UK Once Again Demands Backdoor To Apple's Encrypted Cloud Storage (arstechnica.com)
- Reference: 0179616678
- News link: https://apple.slashdot.org/story/25/10/01/1719219/uk-once-again-demands-backdoor-to-apples-encrypted-cloud-storage
- Source link: https://arstechnica.com/tech-policy/2025/10/uk-once-again-demands-backdoor-to-apples-encrypted-cloud-storage/
> The UK Home Office demanded in early September that Apple create a means to allow officials access to encrypted cloud backups, but stipulated that the order applied only to British citizens' data, according to people briefed on the matter.
>
> A previous technical capability notice (TCN) issued in January sought global access to encrypted user data. That move sparked a diplomatic clash between the UK and US governments and threatened to derail the two nations' efforts to secure a trade agreement.
>
> In February, Apple [3]withdrew its most secure cloud storage service , iCloud Advanced Data Protection, from the UK. "Apple is still unable to offer Advanced Data Protection in the United Kingdom to new users," Apple said on Wednesday. "We are gravely disappointed that the protections provided by ADP are not available to our customers in the UK given the continuing rise of data breaches and other threats to customer privacy." It added: "As we have said many times before, we have never built a back door or master key to any of our products or services and we never will."
[1] https://arstechnica.com/tech-policy/2025/10/uk-once-again-demands-backdoor-to-apples-encrypted-cloud-storage/
[2] https://apple.slashdot.org/story/25/08/19/0345252/us-spy-chief-gabbard-says-uk-agreed-to-drop-backdoor-mandate-for-apple
[3] https://apple.slashdot.org/story/25/02/21/1529255/apple-removes-cloud-encryption-feature-from-uk-after-backdoor-order
From a brit (Score:2)
Go f yourself with a cactus please.
Re: (Score:2)
As a fellow Brit, I concur with the rider that said fucking should be performed repeatedly and sideways.
There are only two choices... (Score:5, Insightful)
...security or no security
It's impossible to design a system that is secure against the bad guys and insecure against the good guys
It's also impossible to define who the good guys are, or guarantee that they will always be good
Lawyers and politicians need an education in tech reality
Re: There are only two choices... (Score:2)
I suspect they might implement a two tier system.
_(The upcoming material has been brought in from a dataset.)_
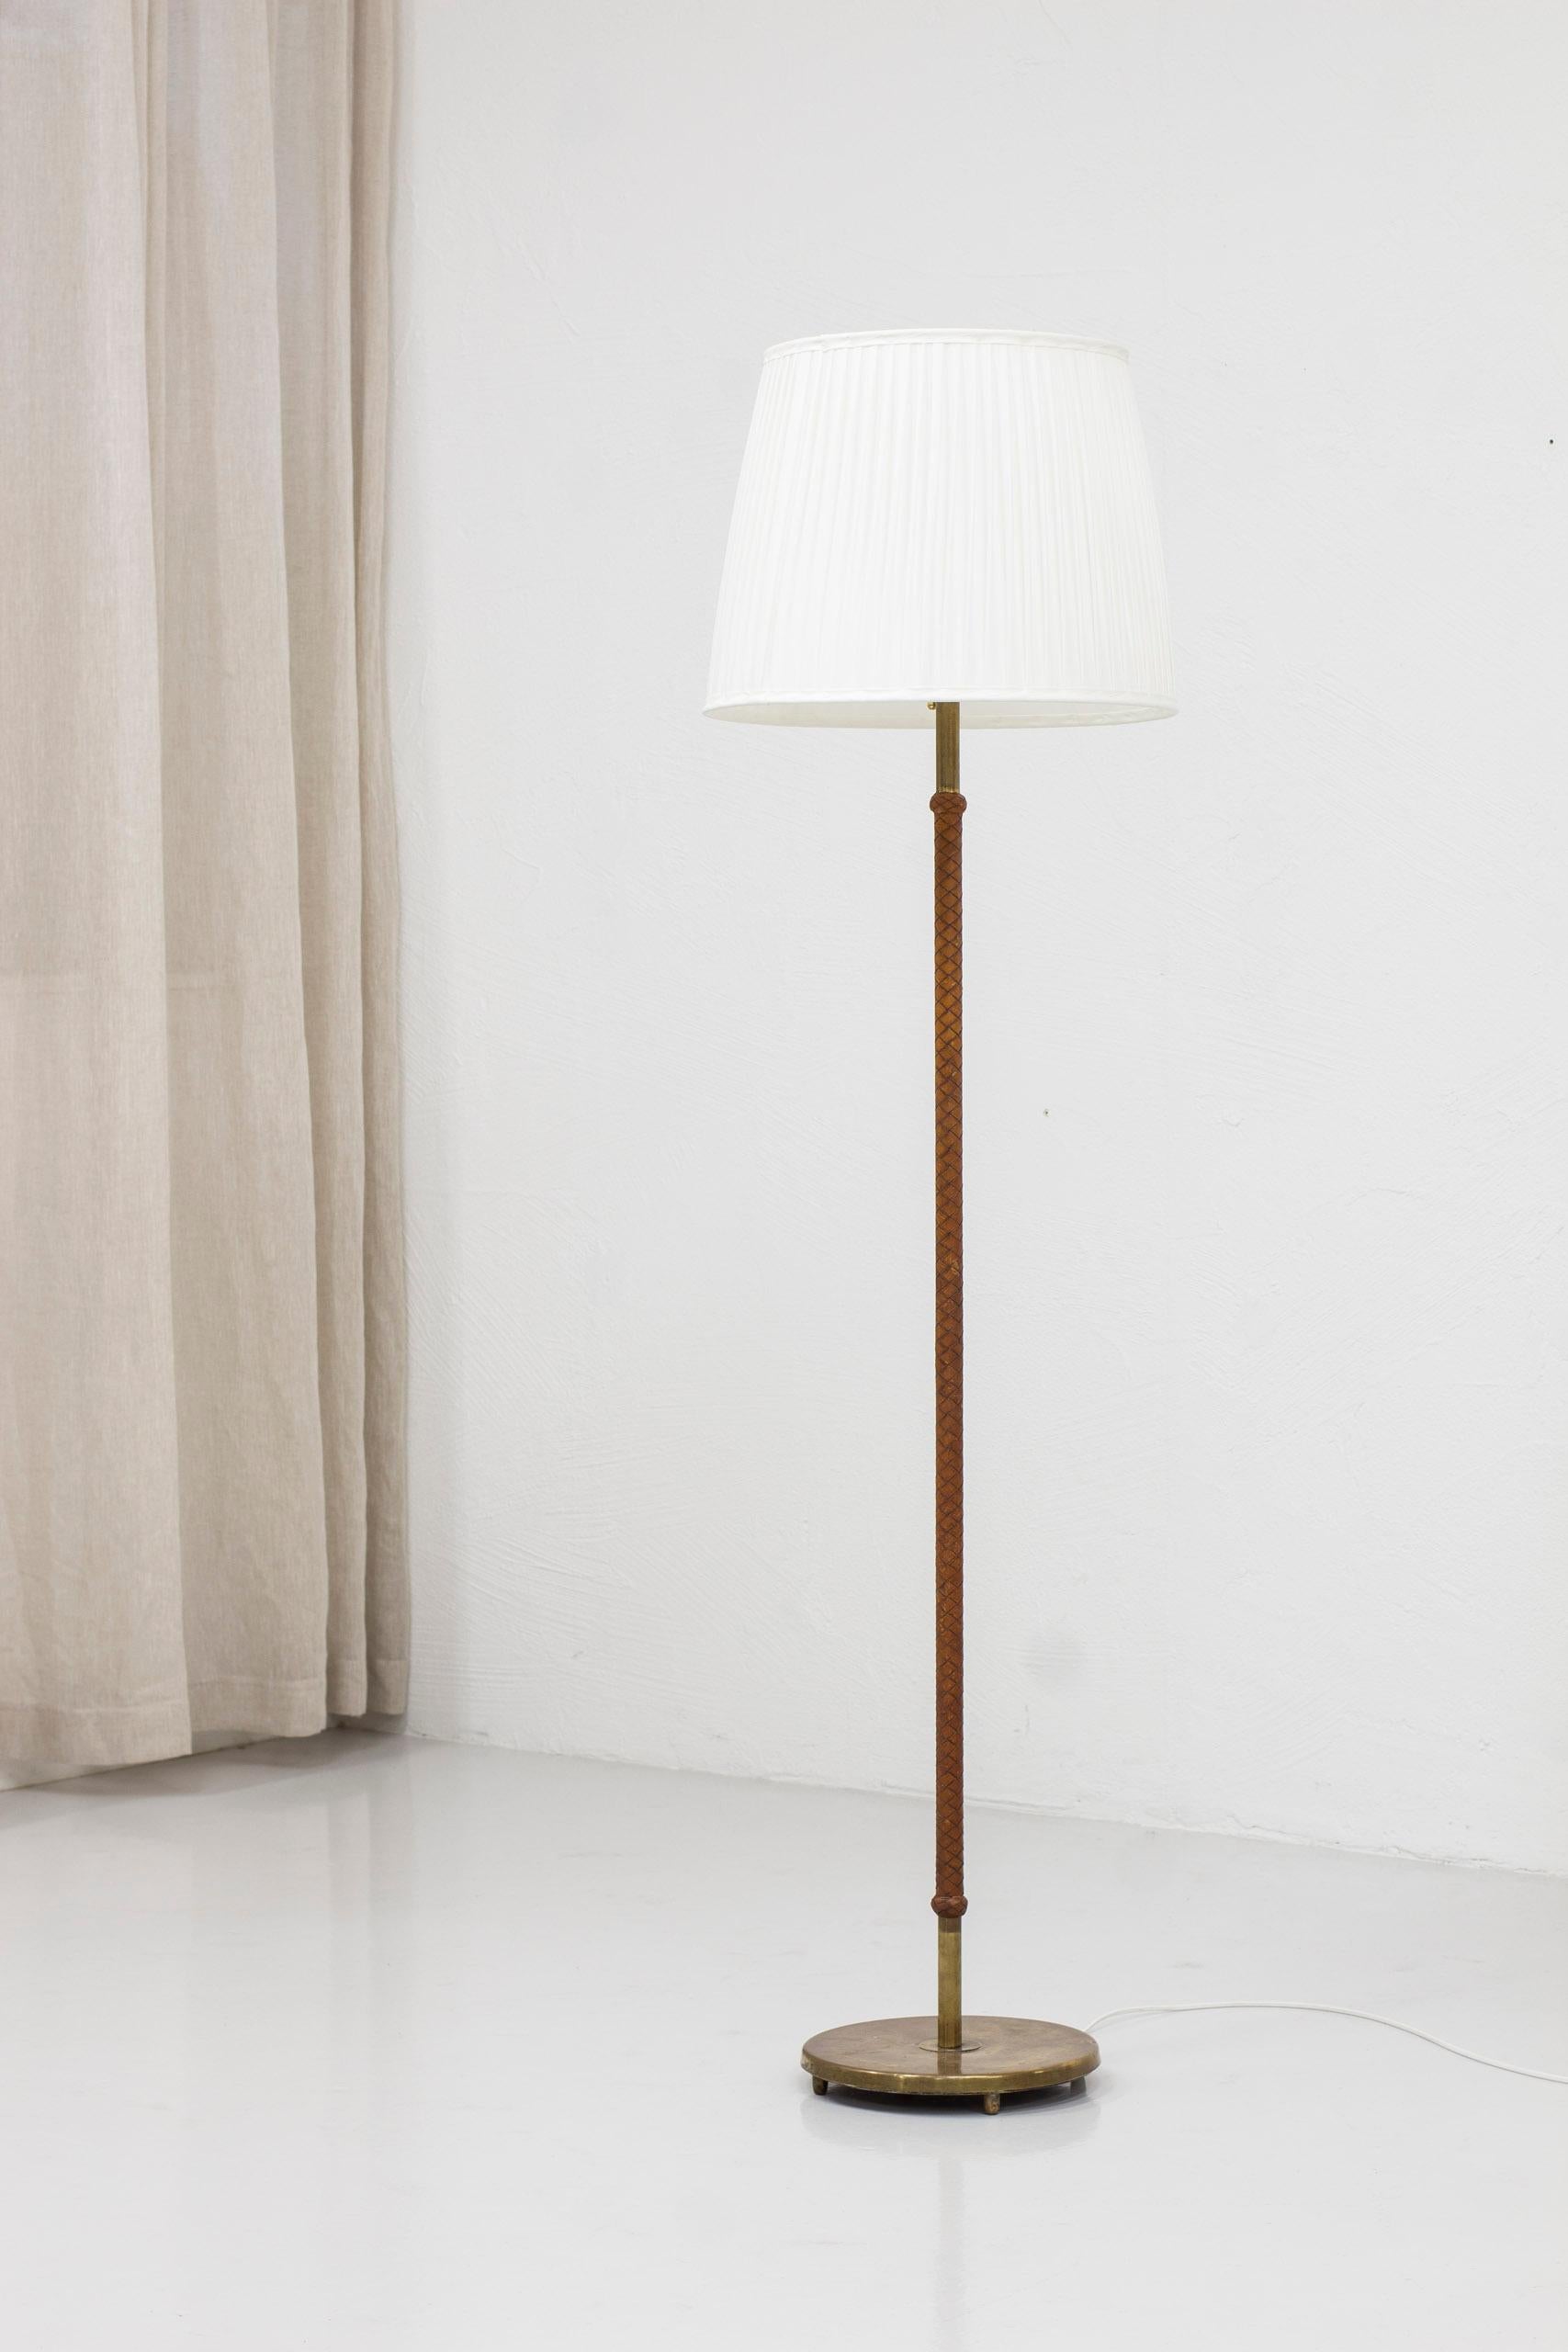 Stehleuchte, entworfen und hergestellt in Schweden in den 1940-50er Jahren. Aus Messing mit original geflochtener Lederumwicklung am Stiel. Der originale Lampenschirm wurde mit weißem Chintz-Stoff neu genäht, um das Original nachzubilden.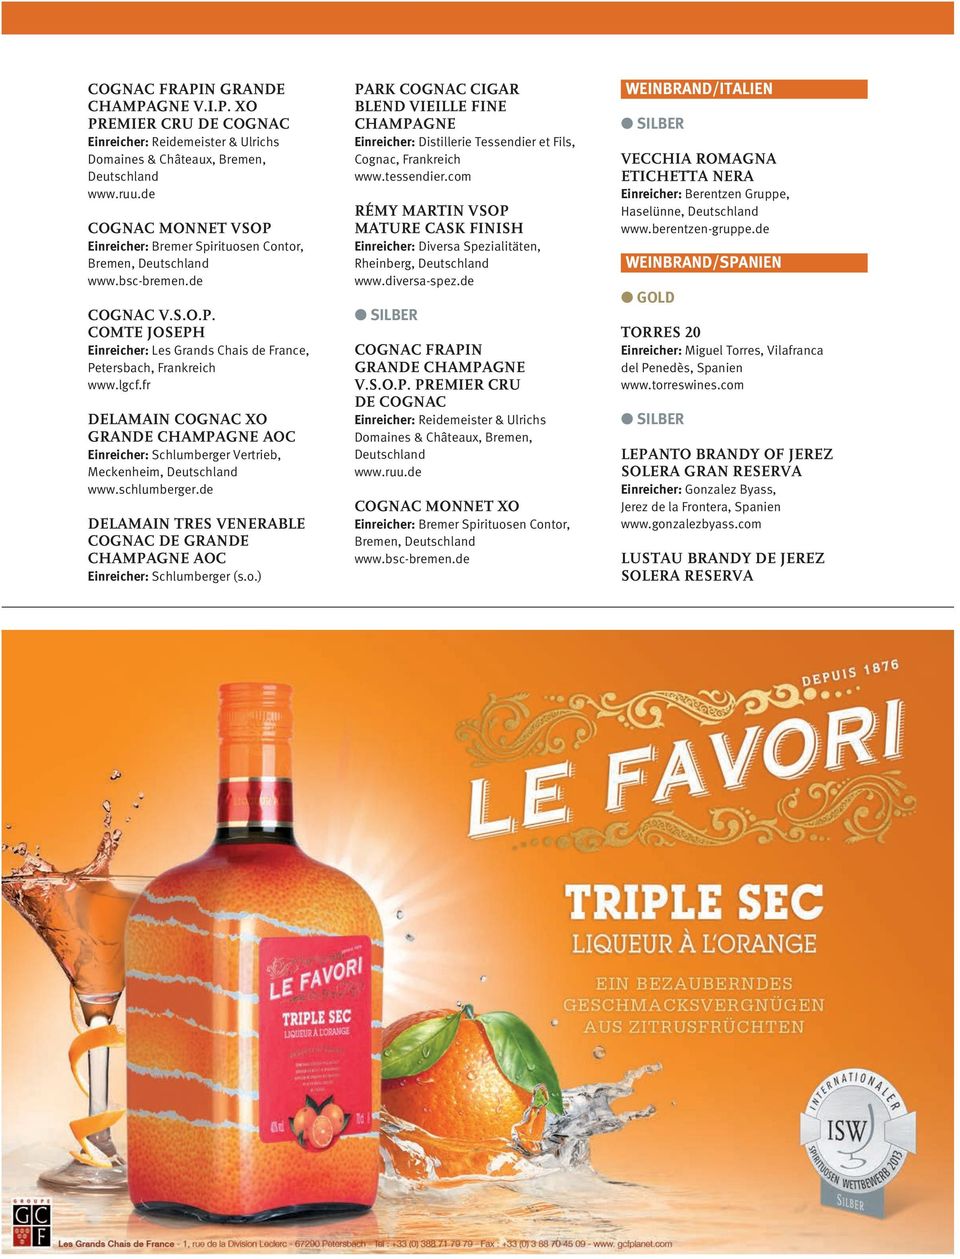 ) PARK COGNAC CIGAR BLEND VIEILLE FINE CHAMPAGNE Einreicher: Distillerie Tessendier et Fils, Cognac, Frankreich www.tessendier.

Presumably they make enough from the UK they wonâ(TM)t exit so I expect a second system to be rolled out with a completely insecure design. The rest of the world with continue to run as before.
Security is non-binary (Score:2)
> ...security or no security
Yes but to be fair any system that allows for decryption of the data is insecure because, if you can encrypt the data then so can the bad guys even if that means they have to turn up at your house and hold a gun to your head to get the decryption key. Hence, if you want to reduce security to a simple binary choice we always chose the 'no security' option because absolute security is rather pointless.
Re: (Score:2)
^a million percent^
If I encrypt an email and send it to you, your computer HAS to either have the decryption key already, or it HAS to include the key with the message... otherwise, what's the point? You'll just get an email of junk. If it's a thing that's done in the browser, then the browser, once again, has to have the key (or the email provider). If it's an open-source standard, then it's well known how to decrypt it... "if you have instructions how to scramble these letters, it's pretty much useless
Re:There are only two choices... (Score:5, Insightful)
I do not consider that to be 'tech reality', I consider it to be simple logic.
The point of encryption is secrecy. Effective secrecy against bad guys means effective secrecy against governments because there exists governments in the world that are bad guys.
Therefore If I want to design secrecy effective against North Korea it requires me to design secrecy effective against the UK.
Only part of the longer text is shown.